India’s reforms should not be left half-baked: M.K.Narayanan
August 7th, 2011 - 12:56 am ICT by IANSChennai, Aug 6 (IANS) India’s so-called unique selling proposition (USP) - democracy and young population - may not turn out to be true if the “half-finished economic reforms are left half-baked”, West Bengal Governor and former national security adviser M.K. Narayanan said Saturday.
“India’s democratic and demographic dividend of elected accountability and a large young population respectively as being our USP against countries like China may not come true. There is clearly both a need for more reforms and a battle of ideas to be won,” he said.
Narayanan was here to participate at the inauguration of Professor C.K.Prahalad Centre for Emerging India at the Loyola Institute of Business Administration (LIBA).
“There is a need to ensure that India’s half-finished economic reforms do not turn out to be half baked.

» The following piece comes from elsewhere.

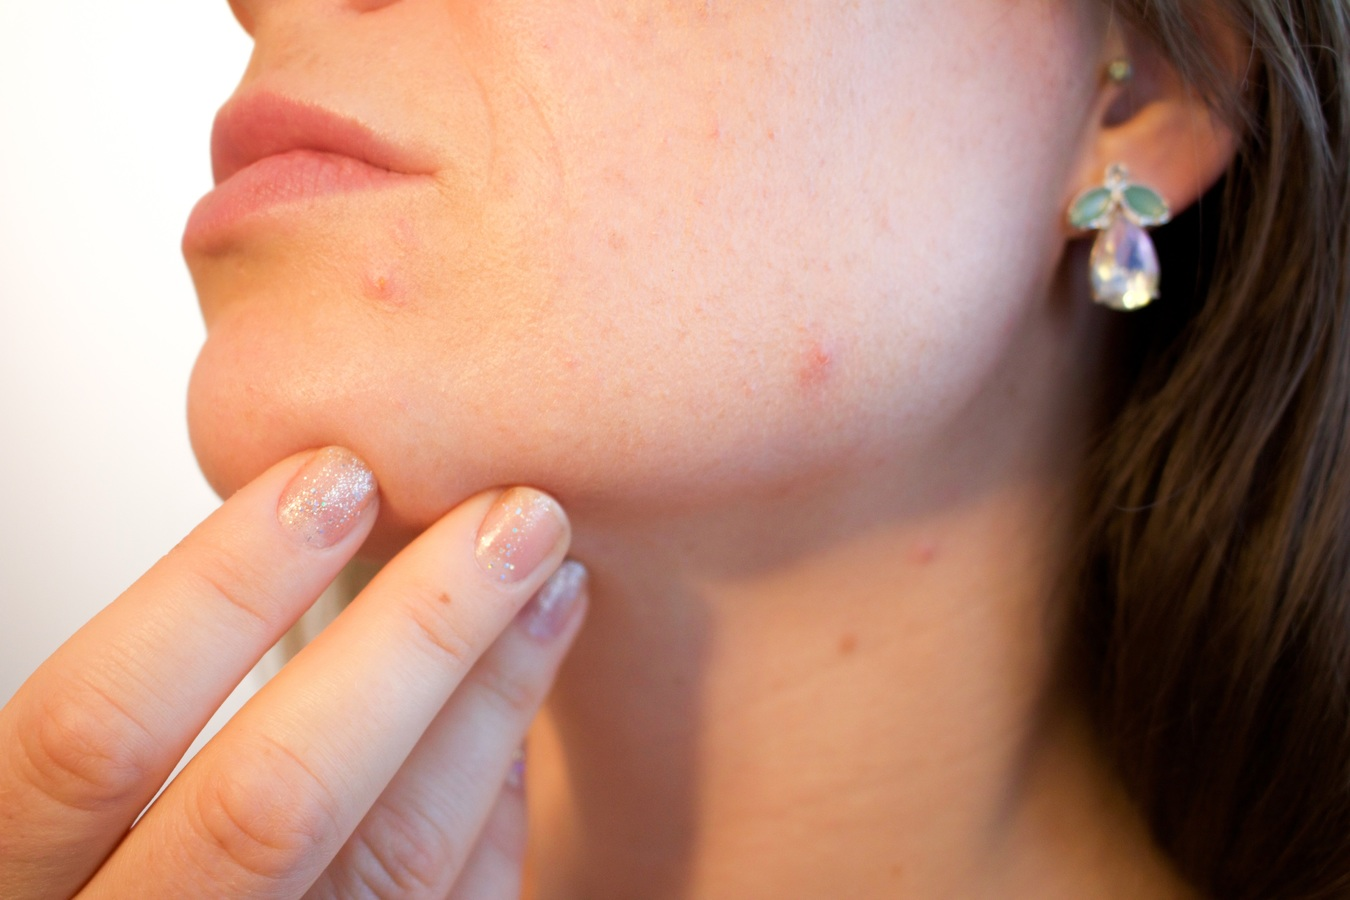 dermatite seborrhéique maladie de la peau

Freeing markets for products is not sufficient, and the reforms needed with regard to land, power, labour and capital will need a Prahaladian approach,” he said.
Citing the cautionary signal given by the Geneva-based World Economic Forum last year that India’s initial economic success becomes unsustainable with domestic, social and demographic pressures would soon trigger an economic reversal, Narayanan said the current internal turmoil cannot be treated as evanescent.
Referring to a management article written by Prahalad titled “The Blinders of Dominant Logic”, he said the principle equally applies to the business of intelligence prediction.
“I had always believed that mere reliance on computational analysis and inductive logic was insufficient to estimate the likelihood and the possible risk of possible developments taking place, just over the horizon of available knowledge,” he said.
According to him, there were far too many variables at play. One also needed to be contemplative, as well as be able to see with the mind’s eye.
Prahalad said dominant logic embedded in an organisaton could act as a blinder to peripheral vision. Managers need to look beyond the borders of their industries and geographies to find new opportunities and rethink the business logic.